Easily one of the films of the year - and what a great year for films it has turned out to be - Prisoners is so carefully nuanced that a second viewing reveals just how deftly the story is unfurled. It's definitely an example of a film that gains with a repeat visit.  

And if there is one thing above all else to recommend Prisoners, it's the way it captures that white-hot skewer of fear that must run through the heart and mind of every parent who has ever suddenly looked around them and thought, "where's my kid?"  

MYSTERY ROAD ***1/2 (121 minutes) M

With a tight-lipped Aaron Petersen as a lonely, personally troubled cop investigating the murder of a local teen, director Ivan Sen delivers a brooding, unsettling, racially charged slice of Outback Noir.

Sen wrote, edited and shot the film, and while he can't avoid some genre cliches he stages a climactic confrontation that redefines "showdown" with a major dose of real-time realism. Stirring widescreen cinematography; hold tight for Ryan Kwanten's icy turn as a local hunter who doesn't much like indigenous folk.

(See our special in-depth interview with Ivan Sen and Aaron Pedersen.)

ABOUT TIME ***1/2 (123 minutes) M

Having laid the tracks for the romantic comedy genre with Love Actually, Four Weddings and a Funeral and Notting Hill, British comedy warhorse Richard Curtis (who, incidentally, wrote Warhorse) hits a film career high with his most beautiful, measured and gorgeously eccentric film yet.

An elderly father (Bill Nighy) tells his son Tim (Domhnall Gleeson) of a family secret - that the men can travel in time throughout their lives. But with such power comes the responsibility to use it wisely as Tim searches for love and discovers there are limits to what he can repeat and repair.

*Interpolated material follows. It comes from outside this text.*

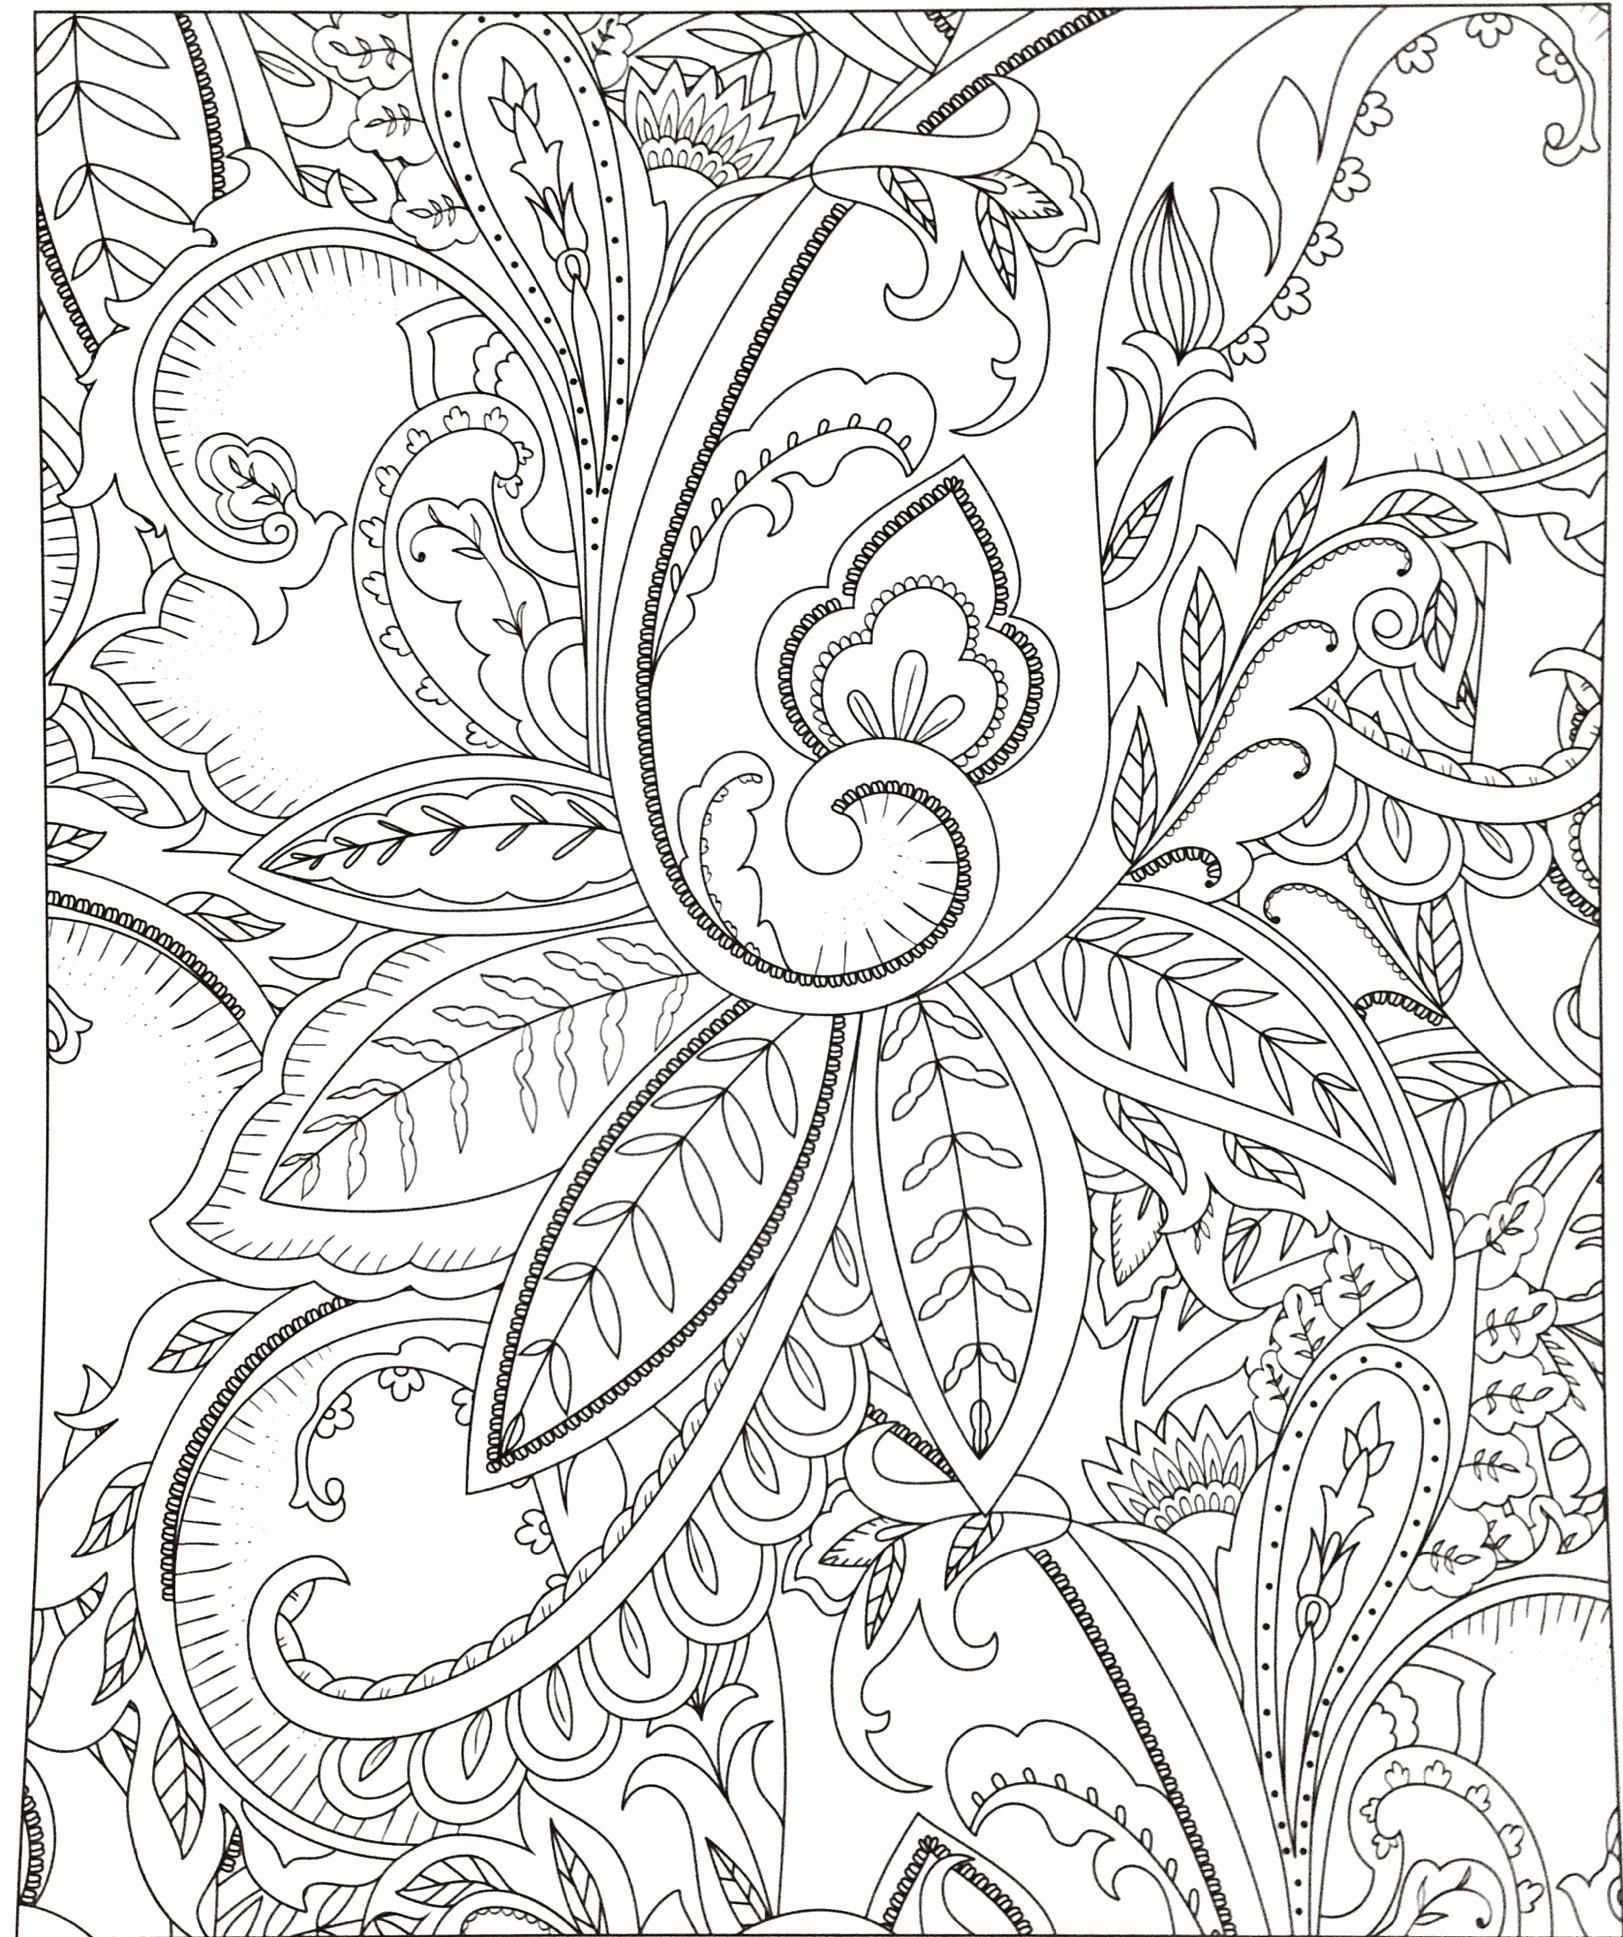 Ausmalbilder Weihnachten Mandala Genial Ausmalbilder Weihnachten Mandala Inspirierend 25 Gut Aussehend Das Bild

Curtis blends his sci-fi-lite conceit with some fun Groundhog Day-esque sequences but wisely keeps it from dominating the film, which ventures into classic rom-com territory when Tim courts the winsome Mary (Rachel McAdams).

Beautiful, funny, touching and with a great, uplifting message the film can be summed up with two words: everything works.

(See our interview with Richard Curtis.)

IN BOB WE TRUST    **** (102 minutes) PG

Outstanding, hugely entertaining, funny/sad profile of suburban legend Bob Maguire - aka Father Bob - as he faces down pressure from on high to retire from his South Melbourne parish. Director Lynn-Maree Milburn and her crew (including producer/cinematographer Richard Lowenstein from Dogs in Space fame) exhaustively tracked their subject for three years and the result is a bristling, enlightening, inspiring journey. And the editing is superb. The brilliant opening montage as Father Bob describes the history of Christianity deserves its own special award.

PATRICK *** (92 minutes) MA   

Effectively chilly, moody remake of Richard Franklin's 1978 horror classic about a mysterious coma patient, smartly updated for iGen audiences by director Mark Hartley (Not Quite Hollywood) and screenwriter Justin King.

In a suitably creepy, seaside institute run by a suitably creepy, experiment-obsessed doctor (Charles Dance) nervous newbie nurse (Sharni Vinson) discovers the supine Patrick (Jackson Gallagher) isn't as deep-asleep as everyone thinks.

Heavy with atmosphere, things really spark up once the nasty starts flying. A skilfully made genre piece, Patrick is a very satisfying movie meal, well done with a garnish of dark humour.